Como construímos nosso patrimônio cultural? Como essas escolhas honram e fazem jus à nossa história? Com essas provocações, o professor Raul Lanari encerra o encontro Transversalidades que aconteceu no dia 16 de junho de 2021, com o tema “Materialidade e imaterialidade da cultura em tempos pandêmicos”, e é dessa forma que inicio este texto, para que tal reflexão caminhe conosco ao longo dele e além.
O encontro foi uma grande aula sobre patrimônio, considerando desde suas origens e definições até chegar nos dias de hoje. Ao longo da atividade, também fomos convocados a pensar sobre como nossas relações com o patrimônio se transformam junto com tantas mudanças e pontos de vista.
Raul dá início à conversa nos lembrando de tudo começa com a prática de se construir edificações monumentais, na maioria das vezes pensadas para estabelecer contato entre forças terrenas e não terrenas, de modo que o tamanho de cada edificação correspondia à dimensão do poder que representava sobre a Terra.

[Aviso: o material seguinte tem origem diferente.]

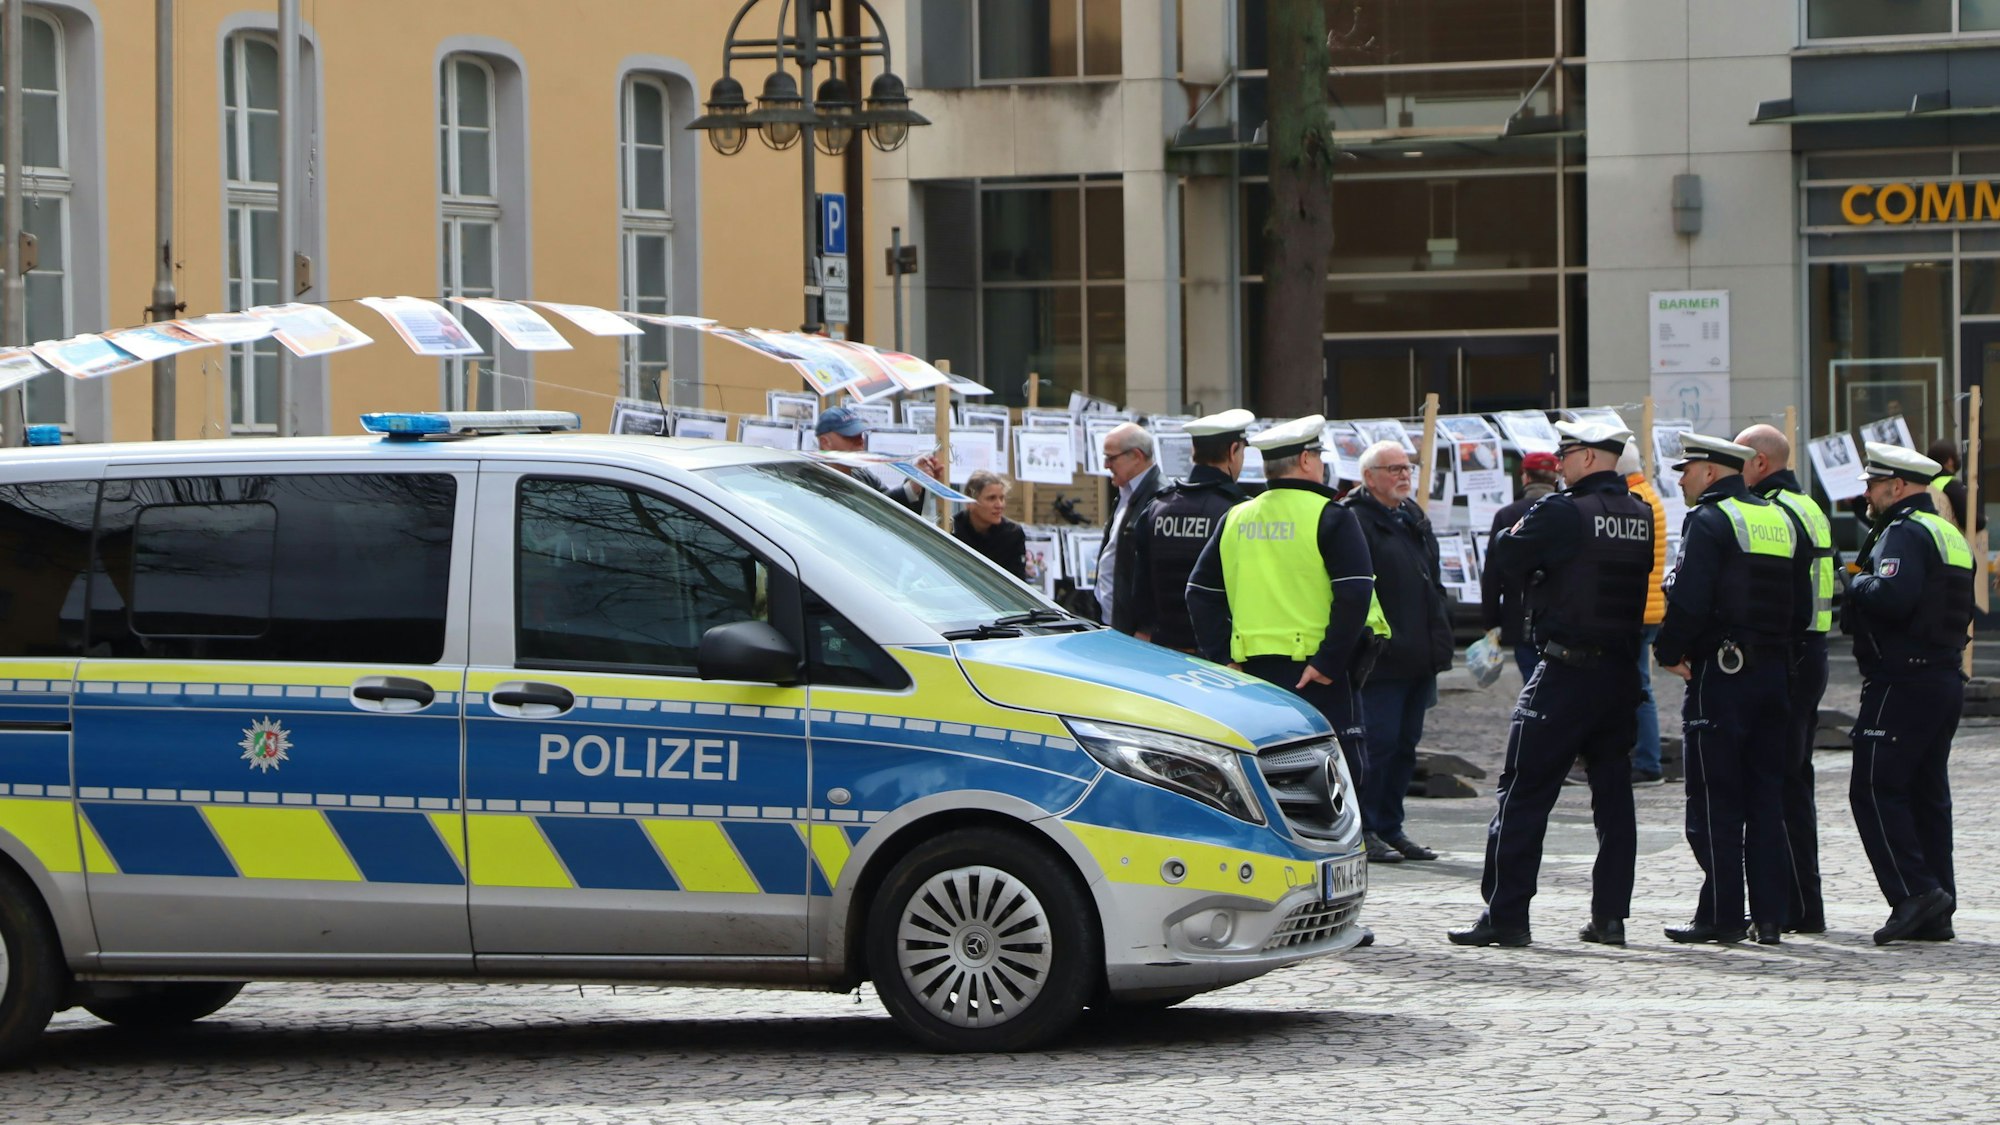 Auf dem Foto sind Polizisten vor dem Brühler Rathaus zu sehen. Im Hintergrund sind die Fotos von Menschen aus Kriegsgebieten zu sehen.

Essa afirmação de uma relação com o divino se converte, entretanto, quando começam a surgir os monumentos – termo que surge entre os romanos. Em vez de remeter a deuses e outros planos, tais construções marcam o poder dos imperadores no presente e são geralmente erguidas depois de conquistas militares. Como Raul Lanari afirma: “são uma espécie de tatuagem no tecido da cidade”.
O conceito de patrimônio no tempo
Na Idade Média, contudo, retornam as relações dos monumentos com o divino, dessa vez a partir da criação de templos religiosos cujos efeitos cerimoniais estão presentes não só na prática desenvolvida em seus interiores, mas também nos elementos ornamentais de suas arquiteturas externas.
Nesse contexto, também podemos chamar atenção para a importância do colecionismo. A partir de então, objetos voltados para a prática dos cultos religiosos, tais como mobiliários e imagens sacralizadas, se tornam alvos do interesse de uma determinada classe social. Geralmente associada às elites eruditas, essa classe dá início à prática colecionista: são os seus gabinetes de curiosidades, precursores dos museus de arte, que formam a concepção de “acervo” que conhecemos hoje.
Referindo-se, mais adiante, ao contexto do Renascimento, Raul nos conta que o interesse das elites intelectuais passa a se voltar pelas ruínas da Antiguidade, marcando o início de uma ideia que se aproxima do que hoje conhecemos como patrimônio da humanidade. O convidado destaca que muitos pensadores vão olhar para esses processos de diferentes maneiras, mas ainda assim podemos ressaltar, sobre esse momento, que a técnica, a estética e a história começam a ser analisadas e valorizadas para além da afirmação de poder que anteriormente atribuía sentido a essas construções.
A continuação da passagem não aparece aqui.